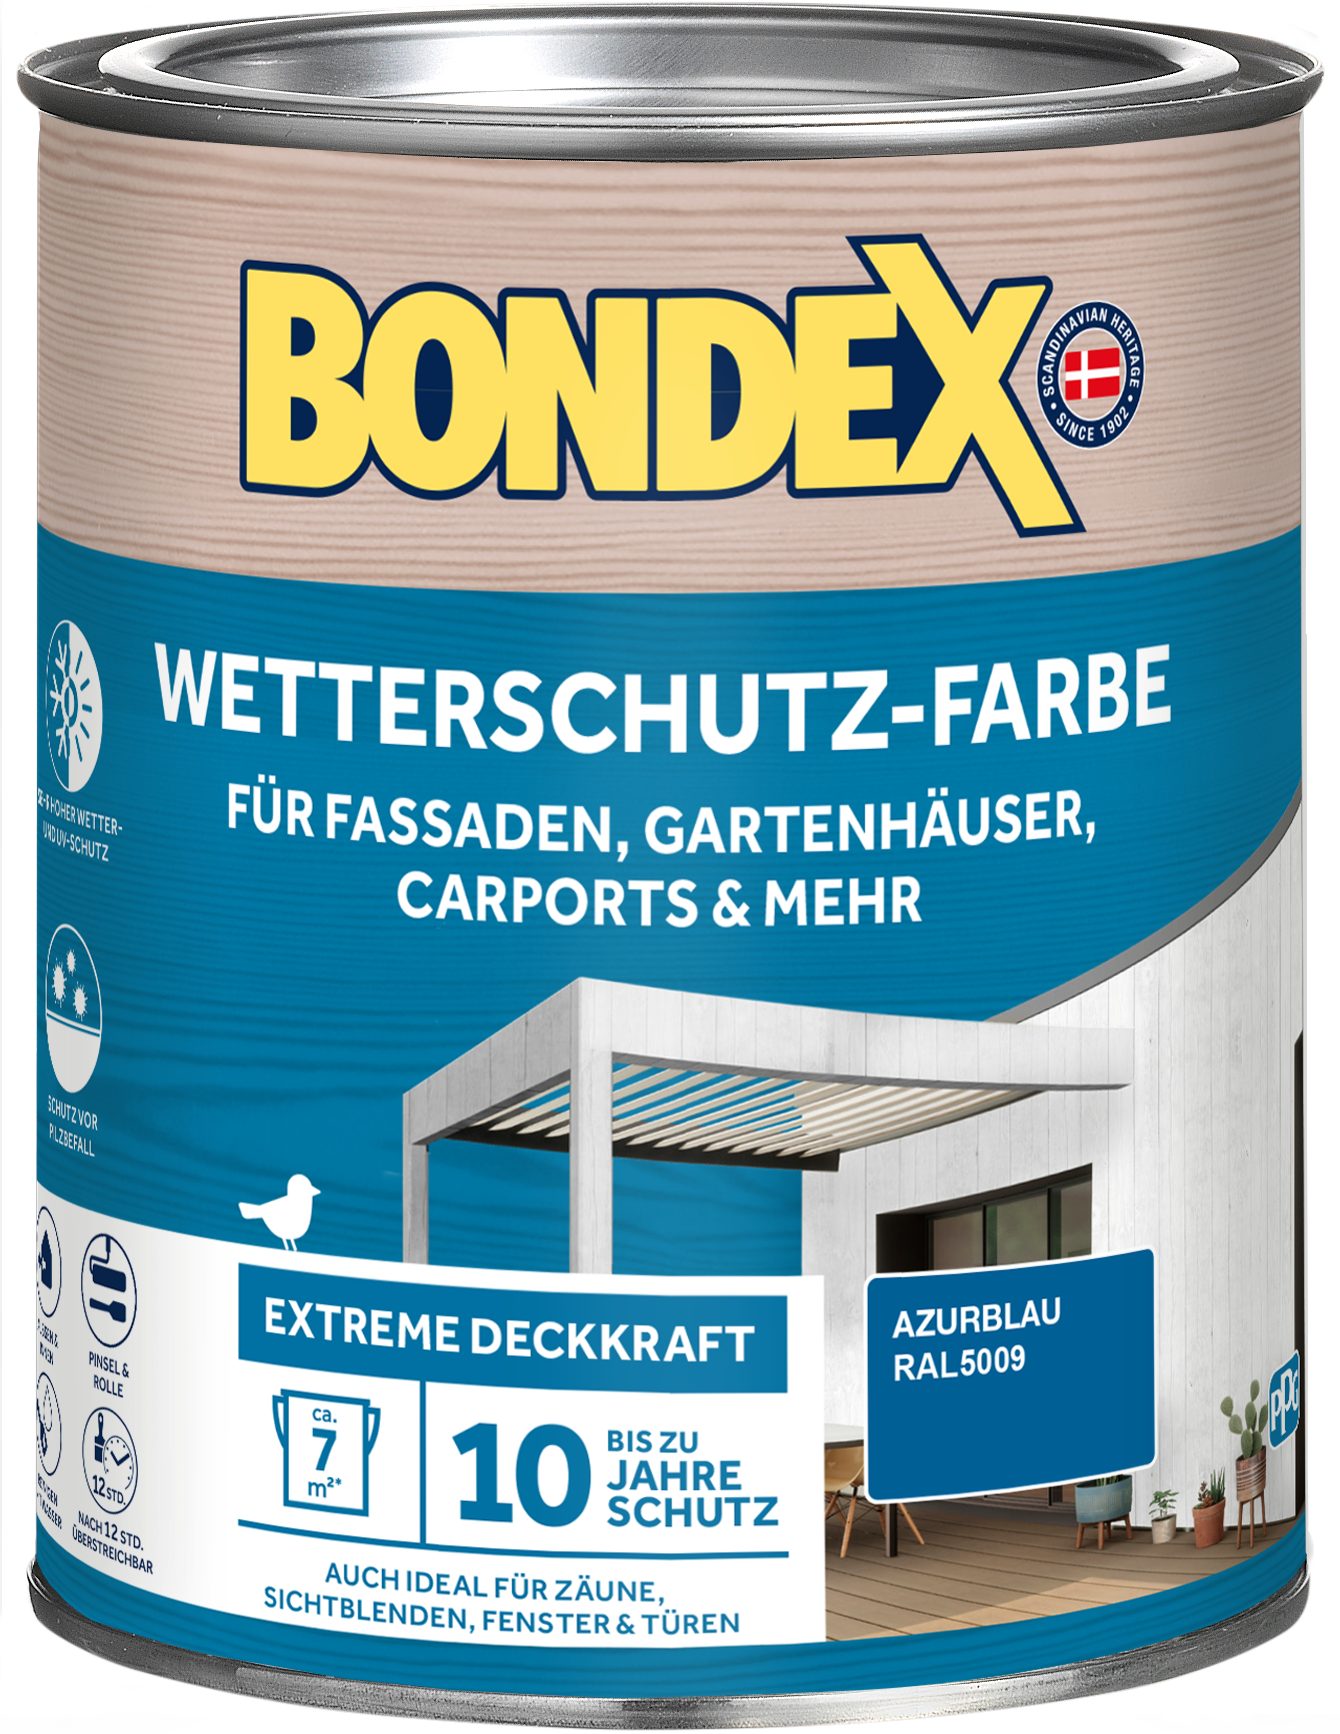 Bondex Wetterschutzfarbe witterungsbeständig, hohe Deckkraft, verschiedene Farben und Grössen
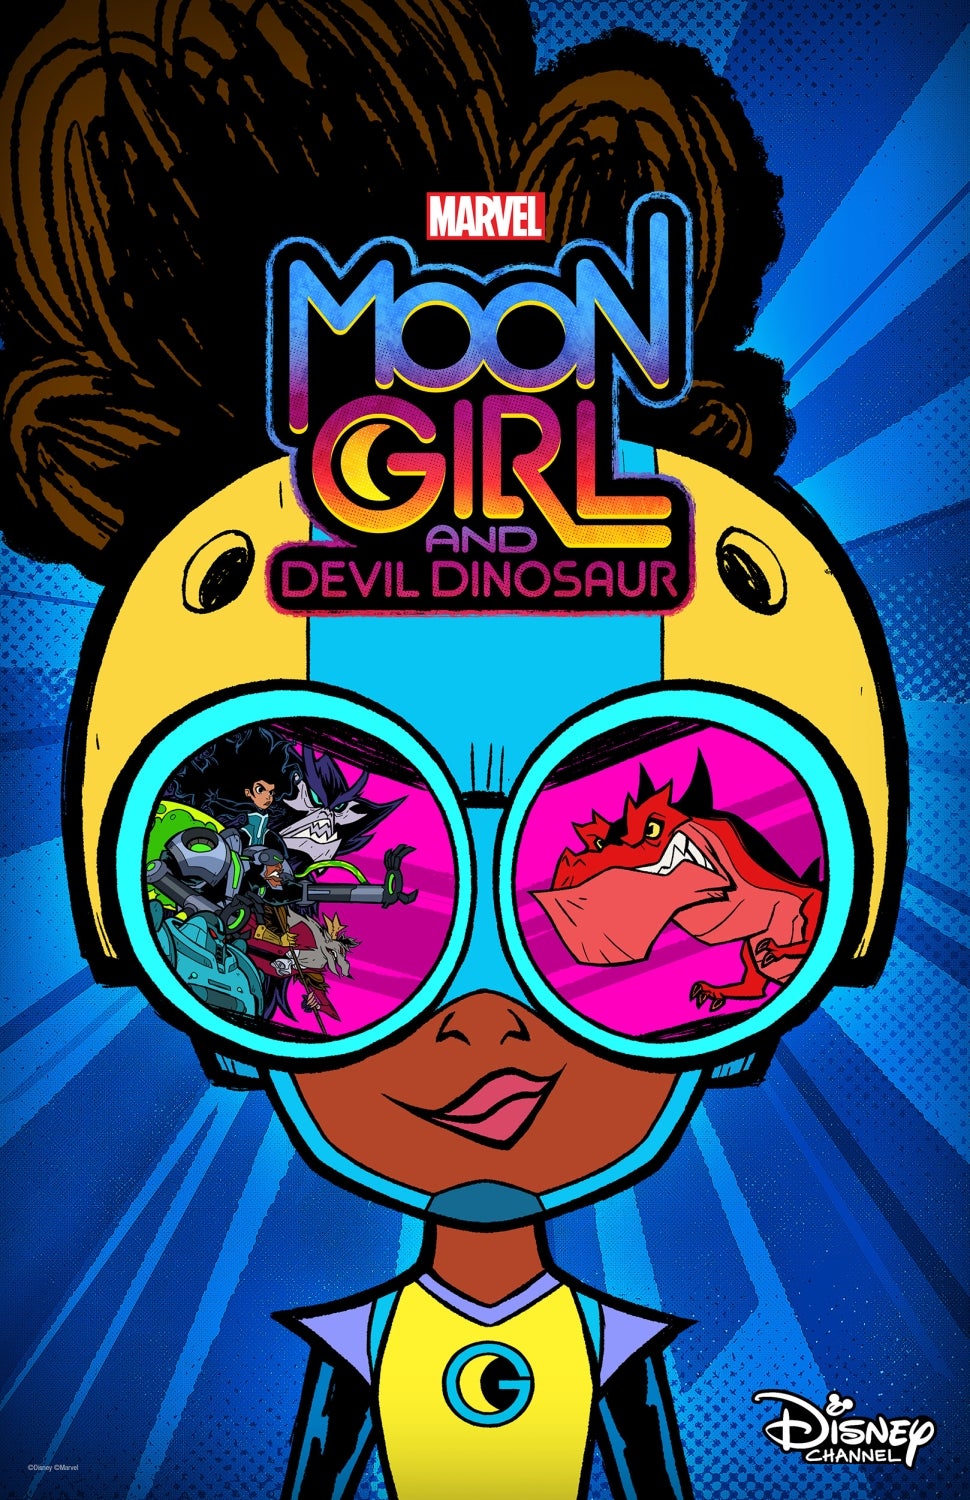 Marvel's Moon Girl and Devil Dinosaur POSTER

========================================================================

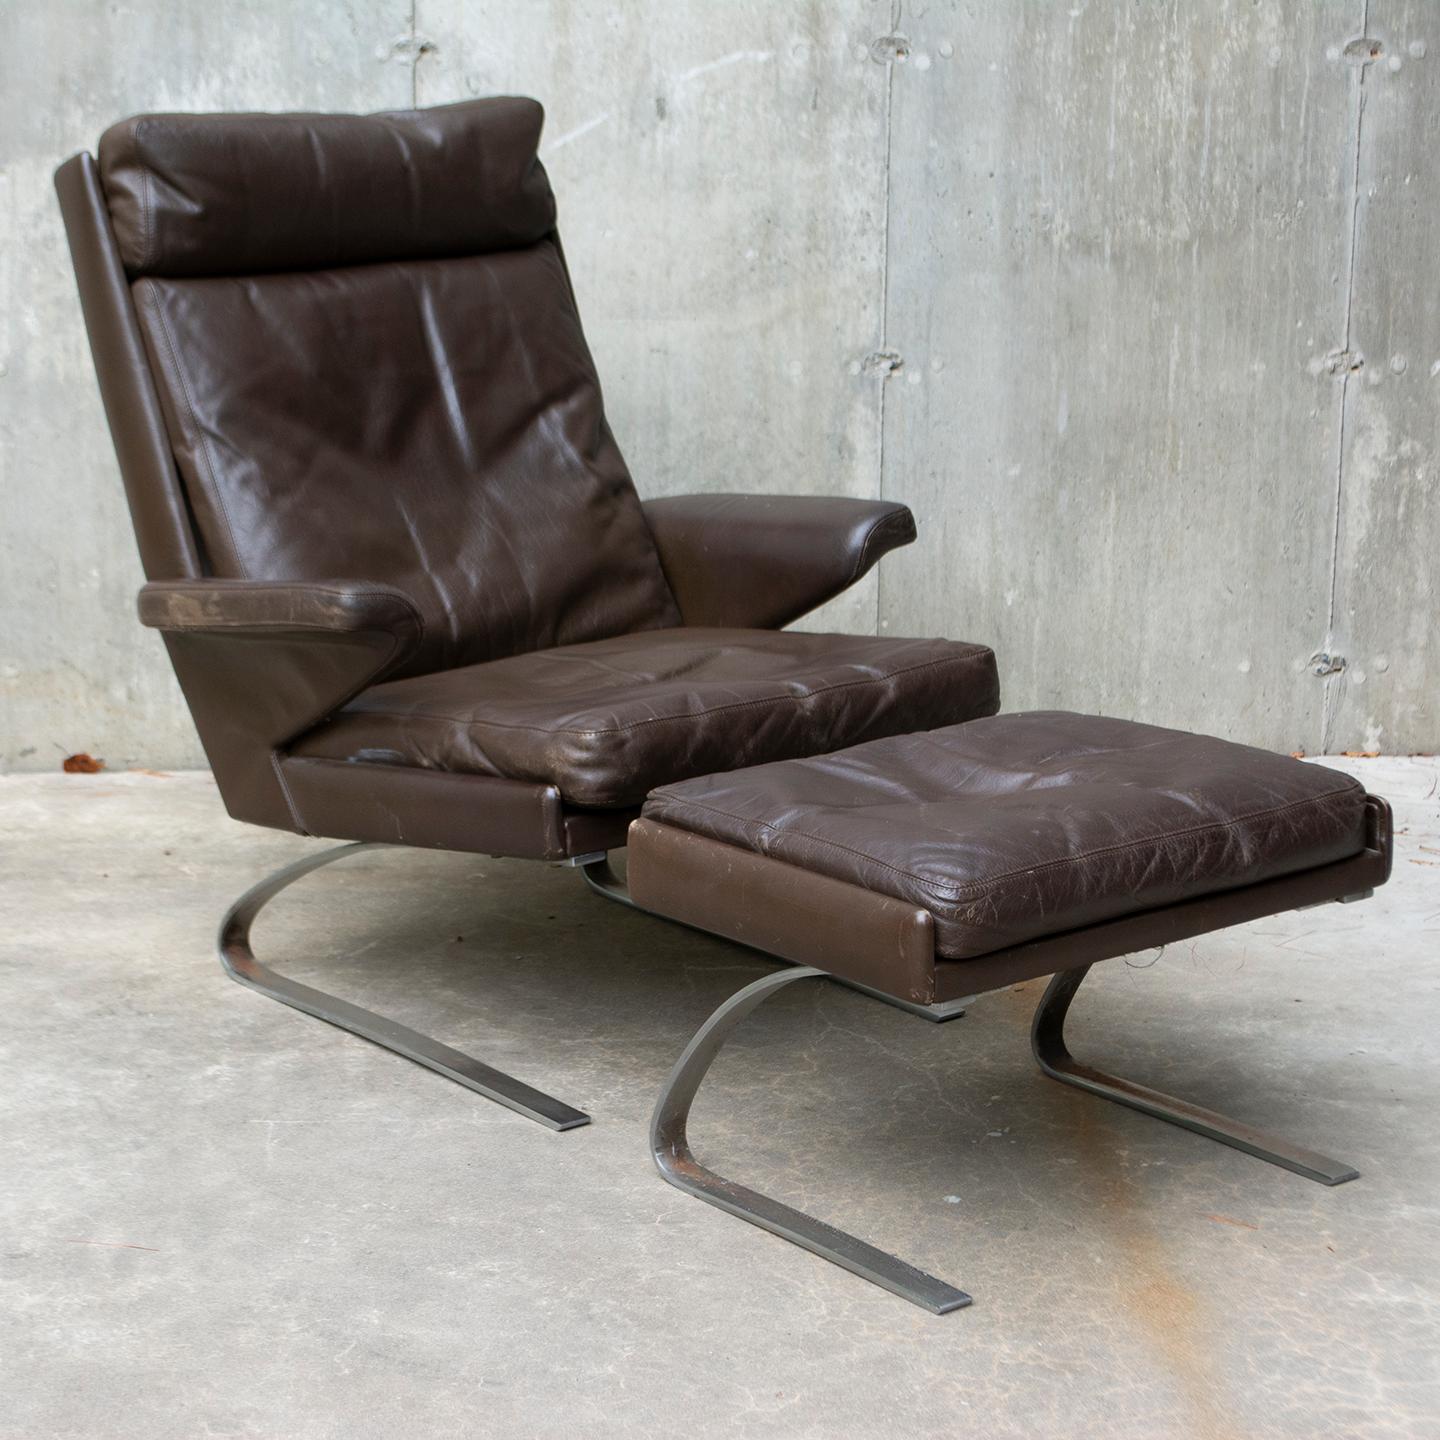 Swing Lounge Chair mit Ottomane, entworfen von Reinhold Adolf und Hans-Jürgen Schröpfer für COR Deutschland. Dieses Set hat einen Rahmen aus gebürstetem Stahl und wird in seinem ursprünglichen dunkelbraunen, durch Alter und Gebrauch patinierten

========================================================================

> [Assignment]:
Copy the lines above exactly, starting with the line that contains "Bondex Wetterschutzfarbe witterungsbeständig, hohe" and ending with the line that contains "Marvel's Moon Girl and Devil Dinosaur POSTER", and leave out any pictures.

> [Exercise result]:
 Bondex Wetterschutzfarbe witterungsbeständig, hohe Deckkraft, verschiedene Farben und Grössen
 Marvel's Moon Girl and Devil Dinosaur POSTER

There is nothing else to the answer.